Okay, I’ll be back later with more goodies. For now, it’s time to go to a press conference!

Feast Your Eyes on Starbirth

Courtesy Hubble Space Telescope
Courtesy Hubble Space Telescope

I am a sucker for starbirth regions. This past week while working on the Griffith Observatory exhibit project, I was browsing around various observatory websites, looking for smacking good images of starbirth regions. While we were looking for some specific objects inside stellar nurseries, I couldn’t help but be dazzled by this one (although we ended up not using it).

What we’re seeing here is a snapshot in time well into the birth process of hot young stars, and as an added bonus, a scattering of smaller young stellar objects which haven’t quite started to convert hydrogen to helium in their cores. All the newborn objects in these clusters are embedded in their birth cloud of gas and dust, giving us a pretty nice look at several stages in the formation process of stars. The dark dust clouds could be harboring more incipient stars, but they’re being eaten away by radiation from the brightest nearby stars. So, if there ARE any about-to-be-born stars in the clouds, their gas and dust supply may get vaporized by the hot winds blowing off the older stellar siblings.

To read more about this beautiful starforming region, go here.

The stars in this image are more massive that our Sun. But, you kinda have to wonder what our own neck of space looked like when the Sun was being born. AS we all know, it formed about 4.5 billion years ago in a cloud of gas and dust, probably along with a bunch of stellar siblings.

As it turns out, the Spitzer Space Telescope has a great image of sunlike stars in formation. Check it out.

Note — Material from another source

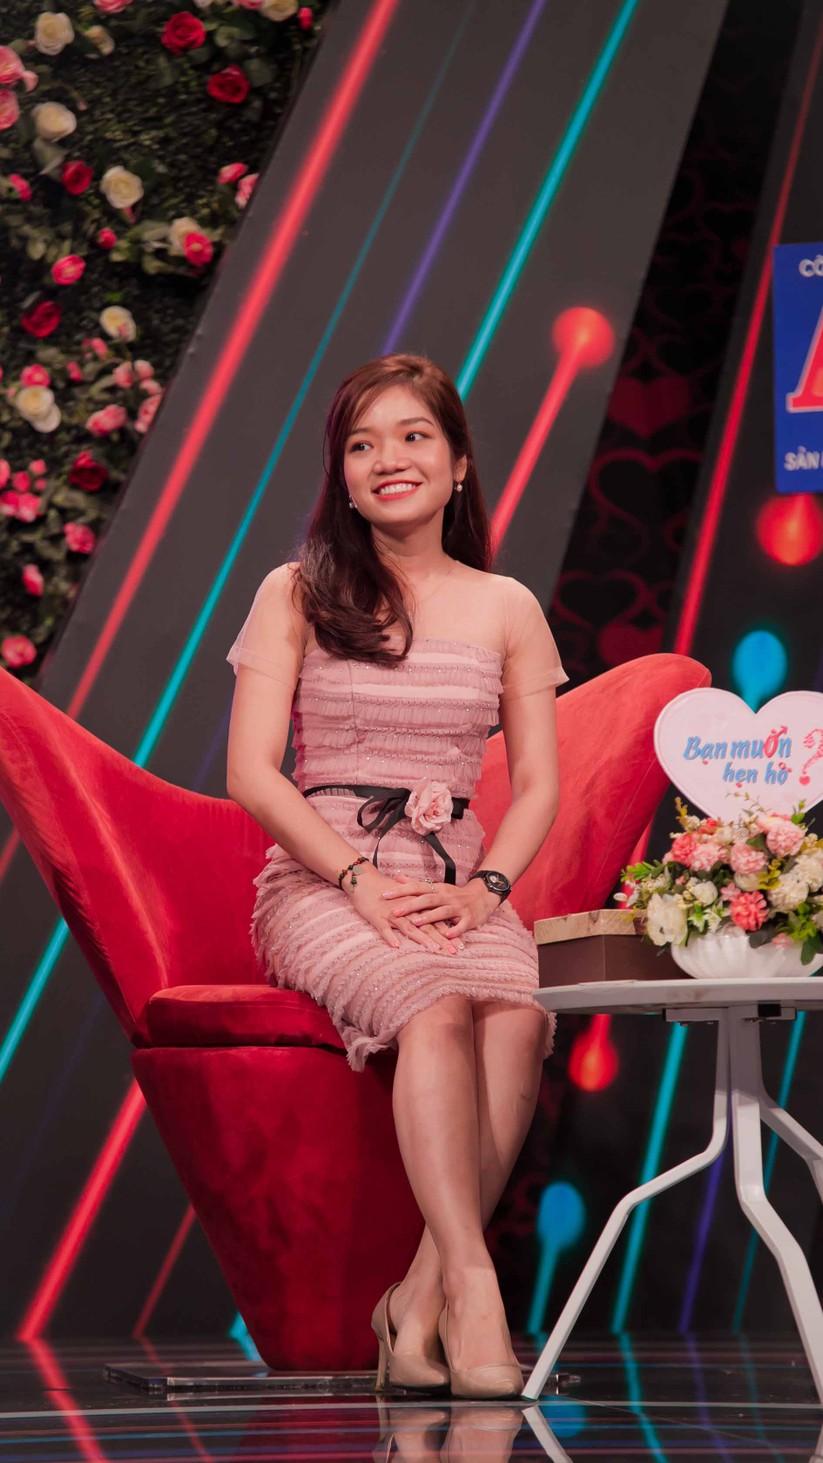 Cô bạn gái Lê Phương Thảo (30 tuổi, TP.HCM)

NGC 1333 as seen by Spitzer Space Telescope
NGC 1333 as seen by Spitzer Space Telescope

This is quite a bit more interesting because this could well be what we looked like, way back when. The wisps of material are shock fronts in the stellar birth cloud that are carved out by jets streaming from the stellar newborns. What we’re seeing here is an infrared view, not what our eyes would detect. But, Spitzer excels in looking at the glow of infrared radiation emitted by hot young objects that are warming up the nearby clouds of gas and dust. If you want to look at this picture in more detail, go here and click on one of the larger images.

See why I love these regions? They just excite the eye—and the imagination!